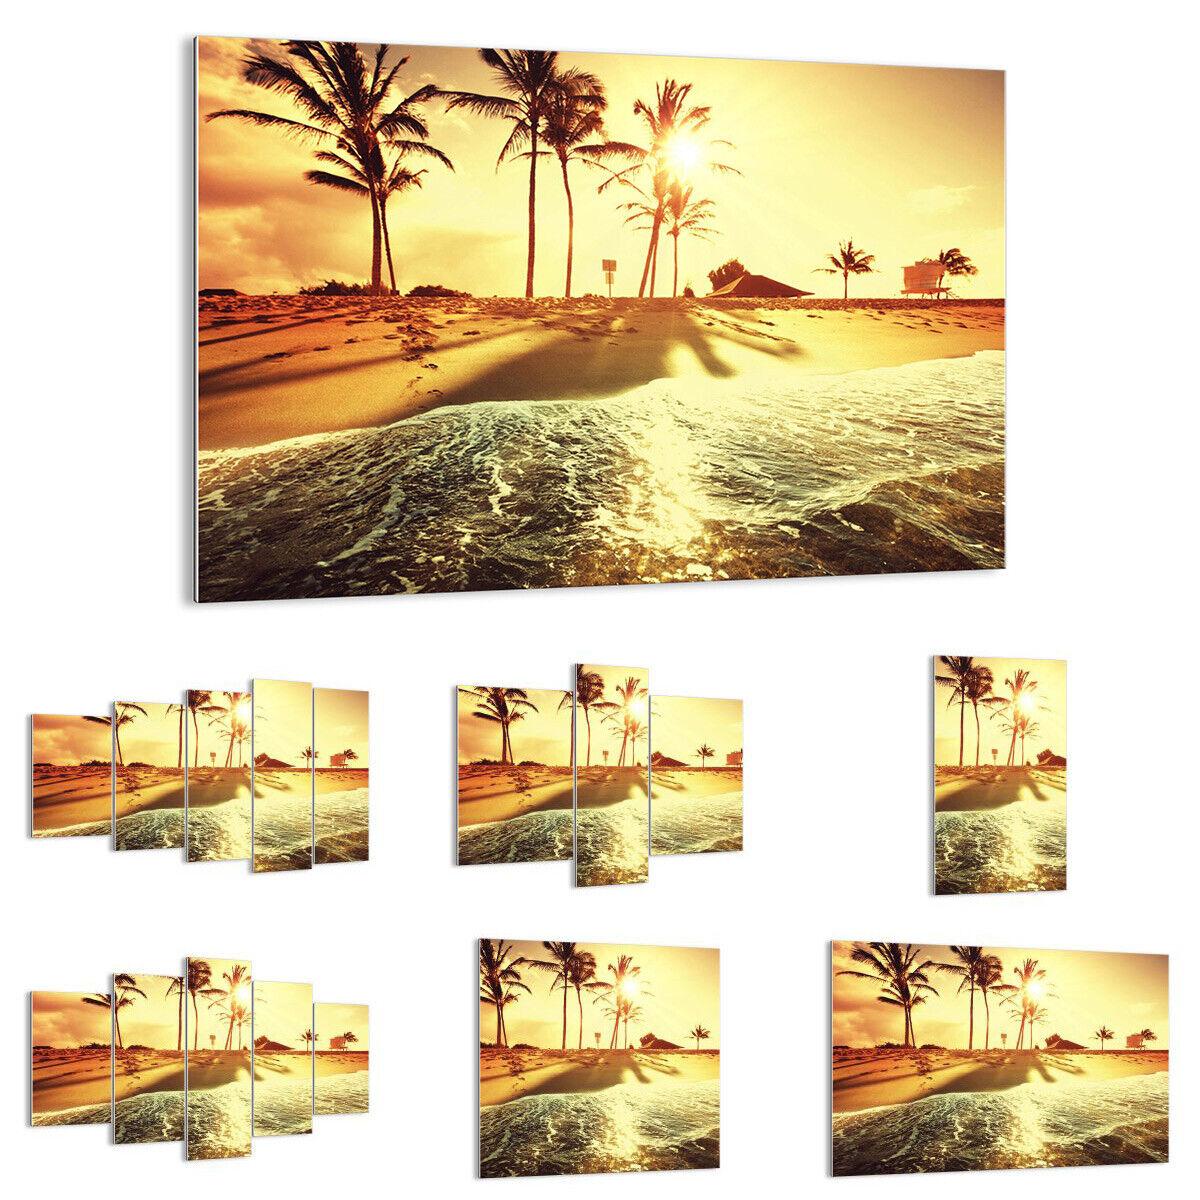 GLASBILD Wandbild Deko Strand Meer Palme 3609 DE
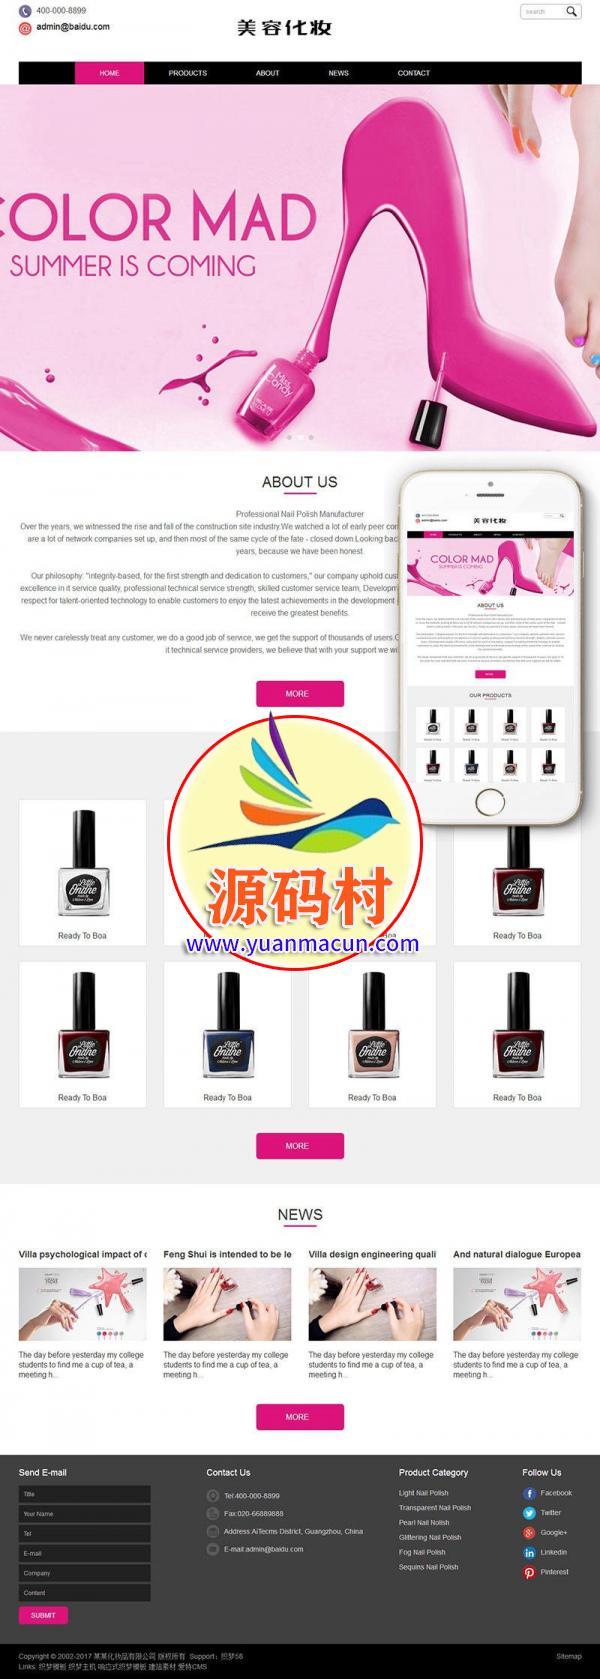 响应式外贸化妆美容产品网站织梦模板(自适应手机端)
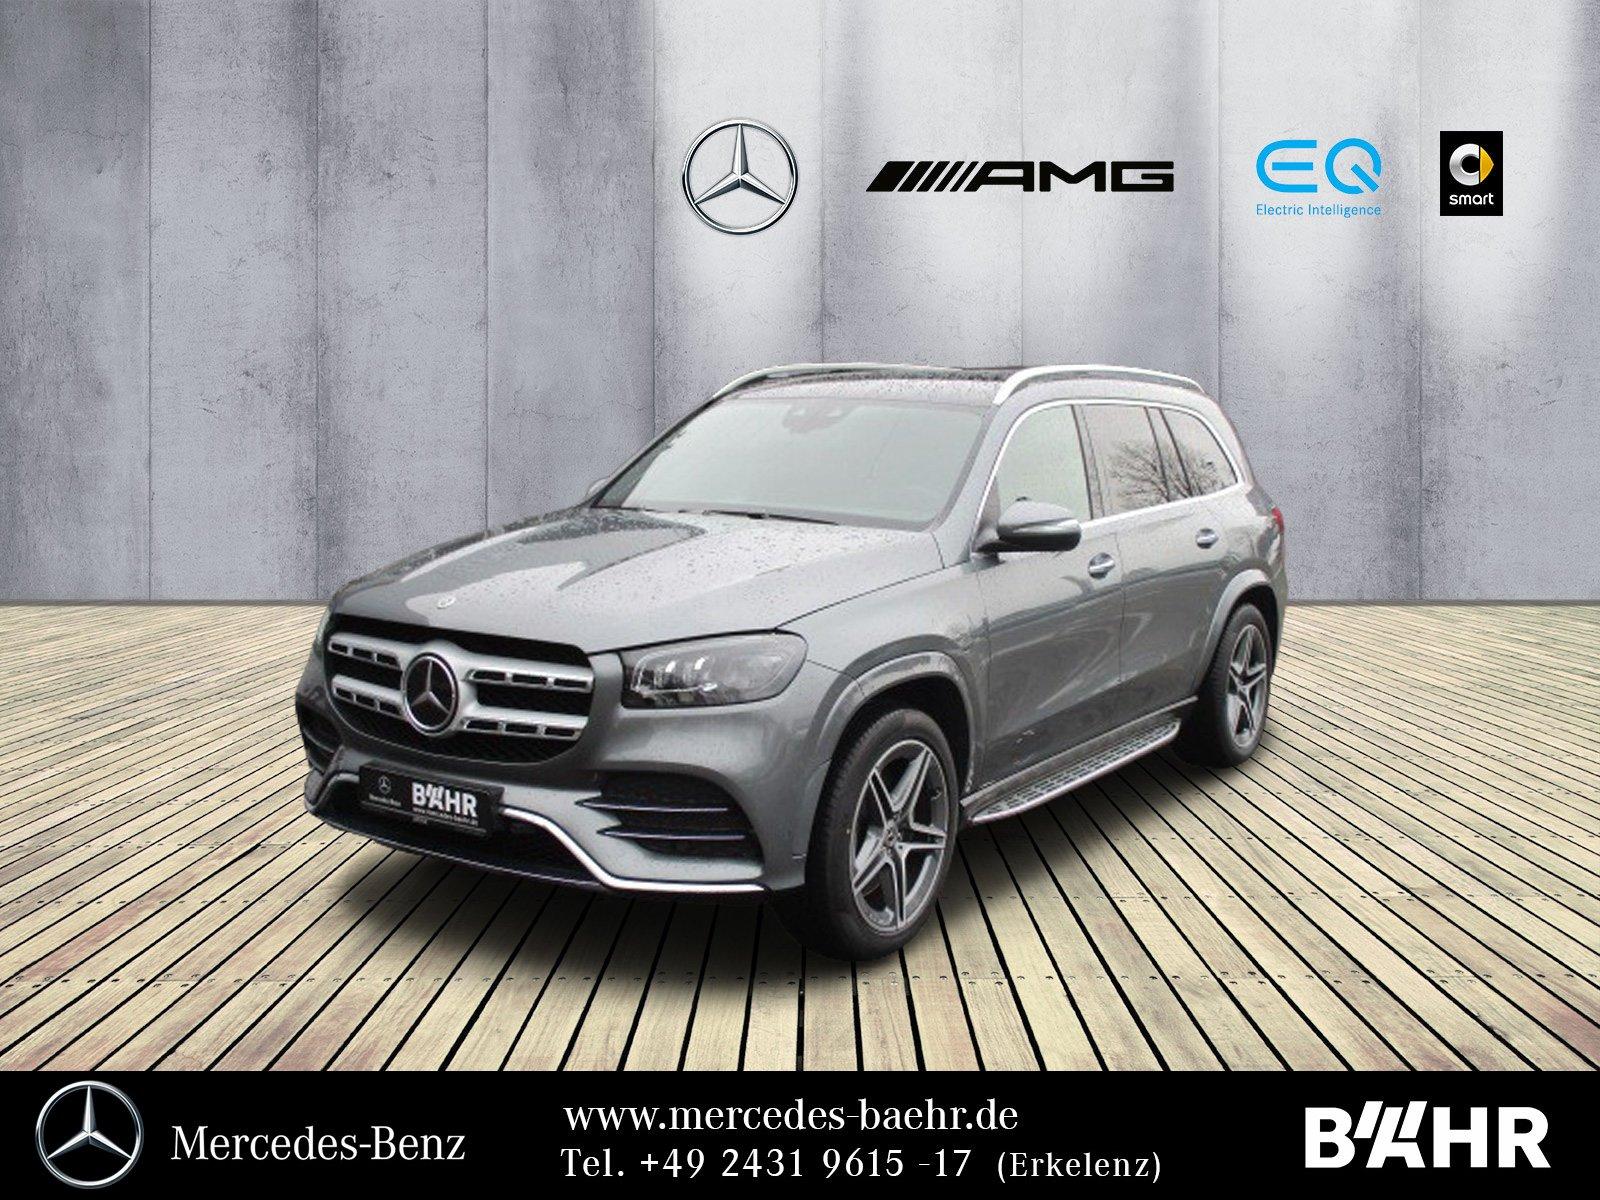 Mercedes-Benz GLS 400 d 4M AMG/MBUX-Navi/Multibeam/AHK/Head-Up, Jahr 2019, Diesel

__Prompt__: Set down, word for word, the full listing above, and carry over no pictures.

__Your response__:
 GLASBILD Wandbild Deko Strand Meer Palme 3609 DE
 响应式外贸化妆美容产品网站织梦模板(自适应手机端)
 Mercedes-Benz GLS 400 d 4M AMG/MBUX-Navi/Multibeam/AHK/Head-Up, Jahr 2019, Diesel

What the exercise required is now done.